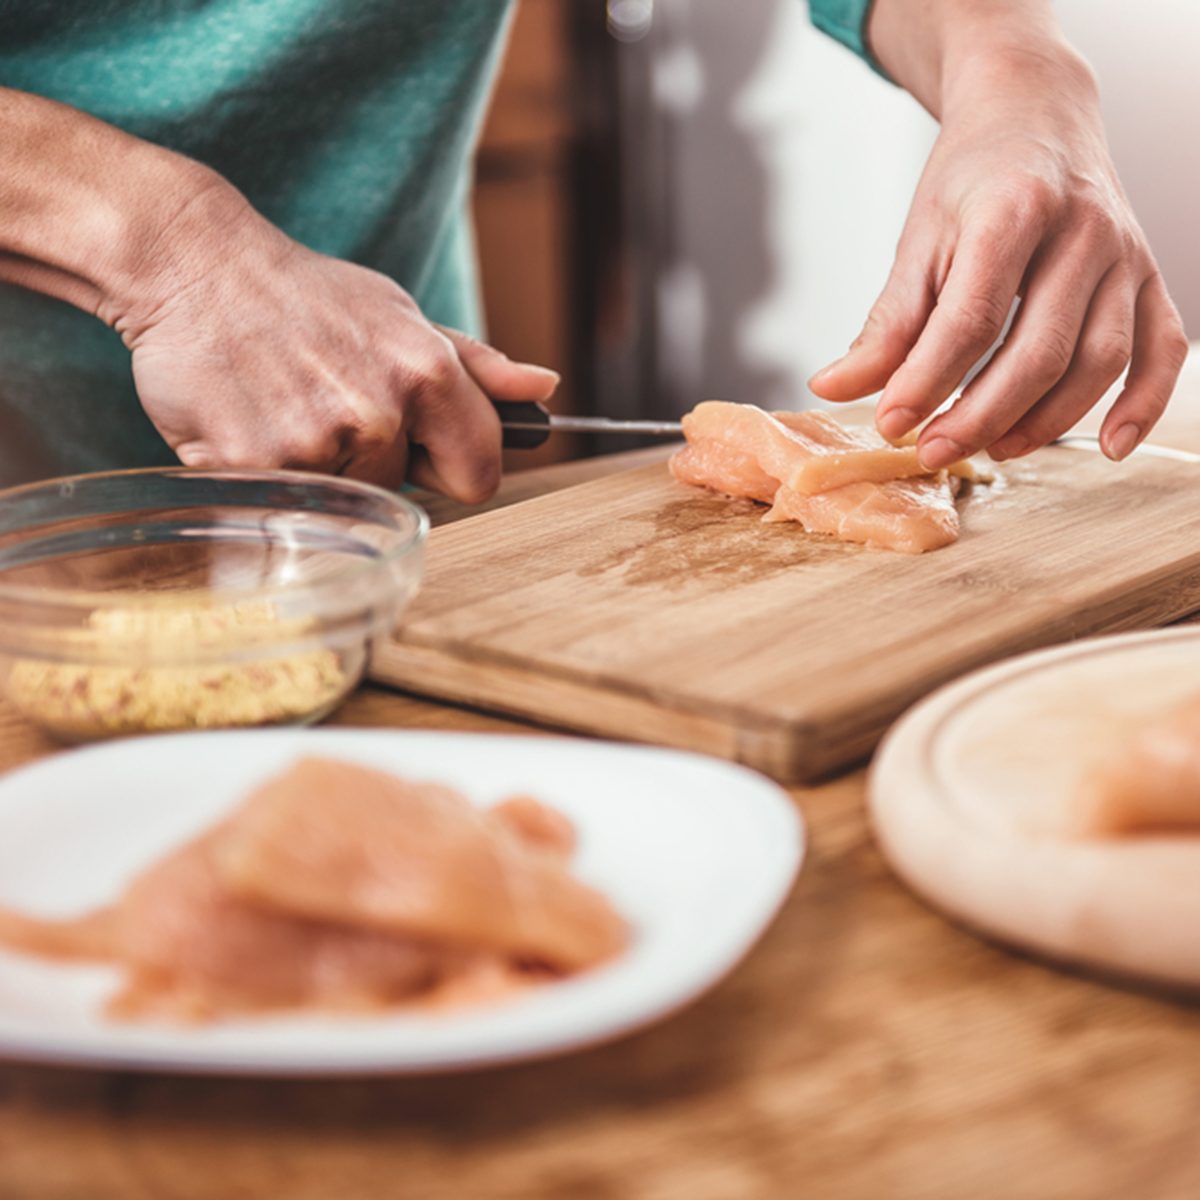 Raw Chicken 8 Cooking Mistakes You Might Be Making Taste
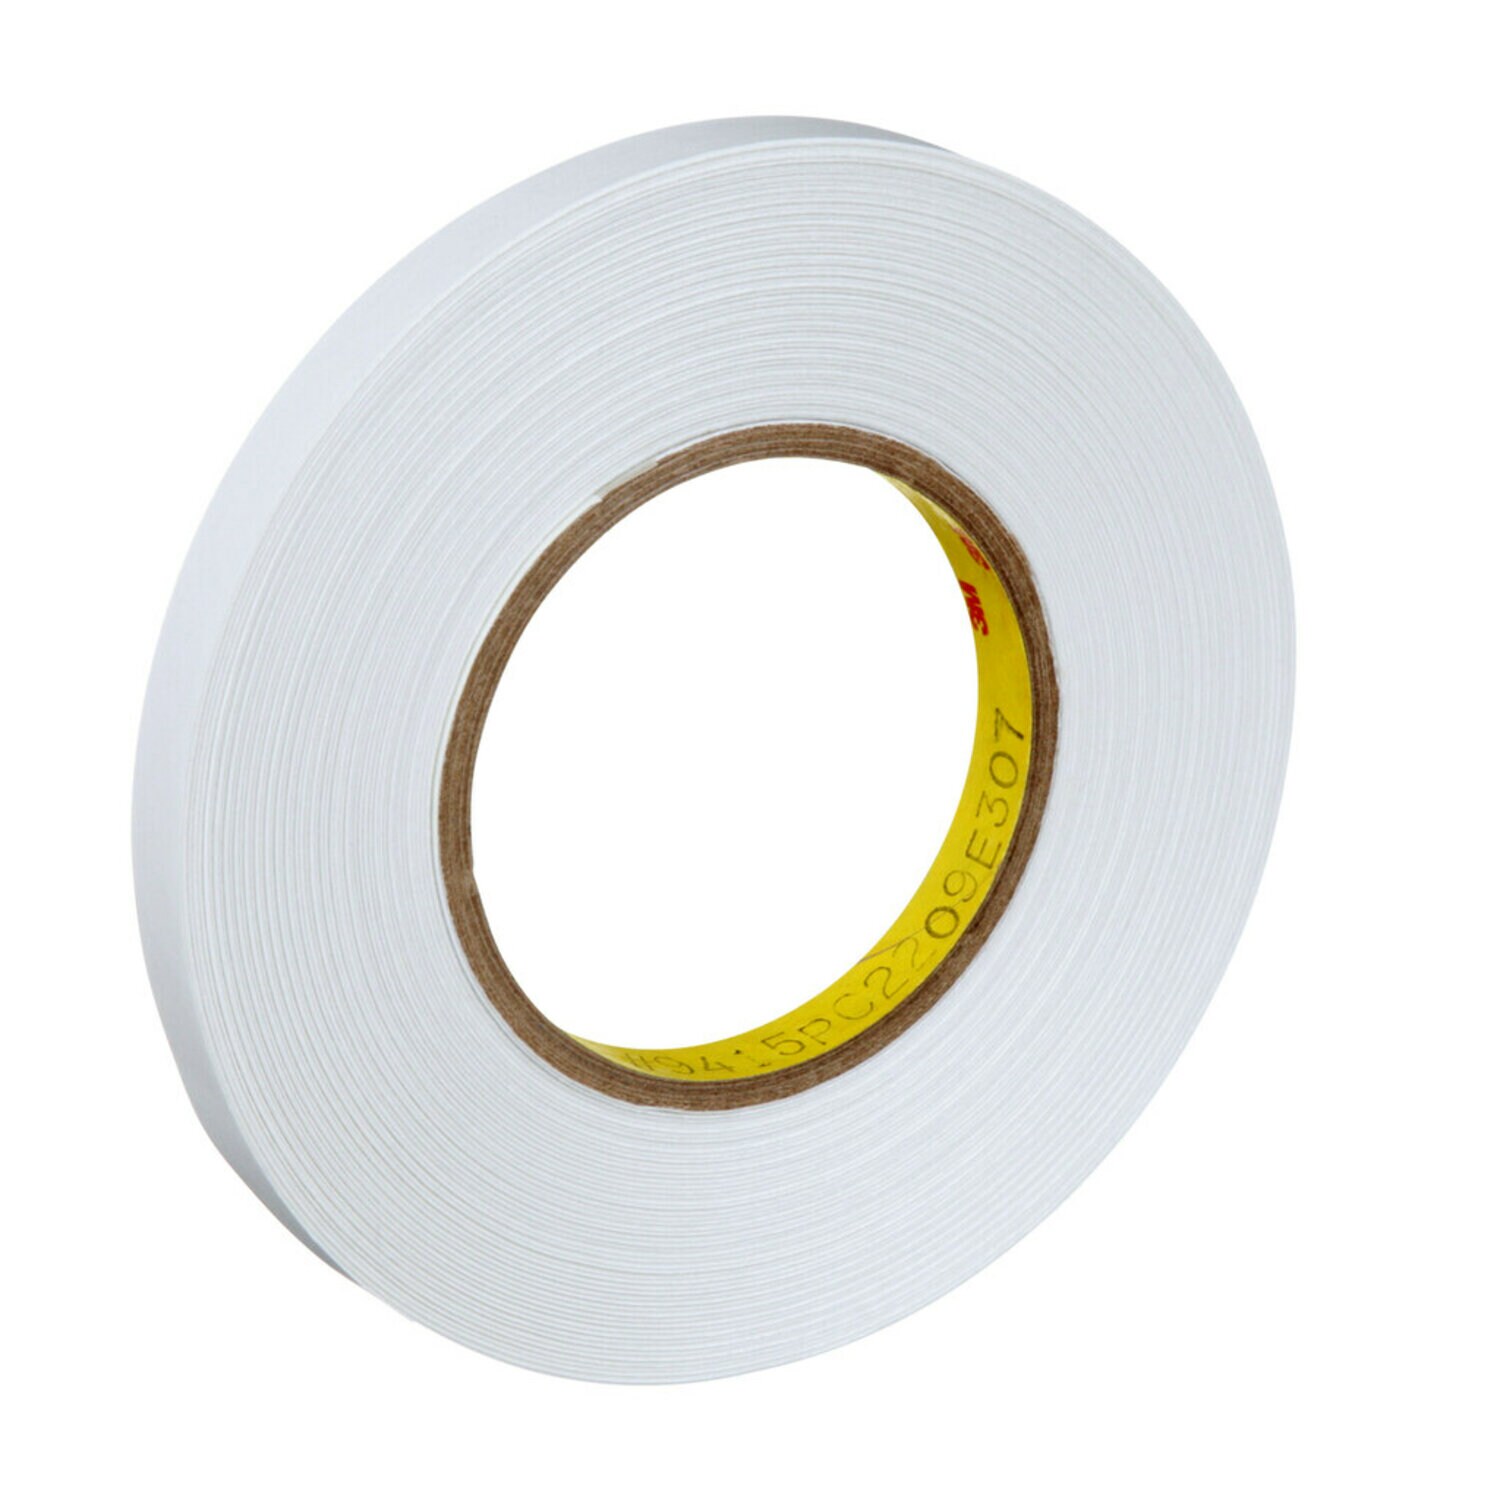 7000028937 - 3M Removable Repositionable Tape 9415PC, Clear, 3/8 in x 72 yd, 2 mil,
96 Rolls/Case
* * *
- **WHAT IS BEING ASKED**:
Omit the pictures and write out exactly the lines from the one containing "7000028937 - 3M" through the last line of the material.

- **SOLUTION**:
 7000028937 - 3M Removable Repositionable Tape 9415PC, Clear, 3/8 in x 72 yd, 2 mil,
96 Rolls/Case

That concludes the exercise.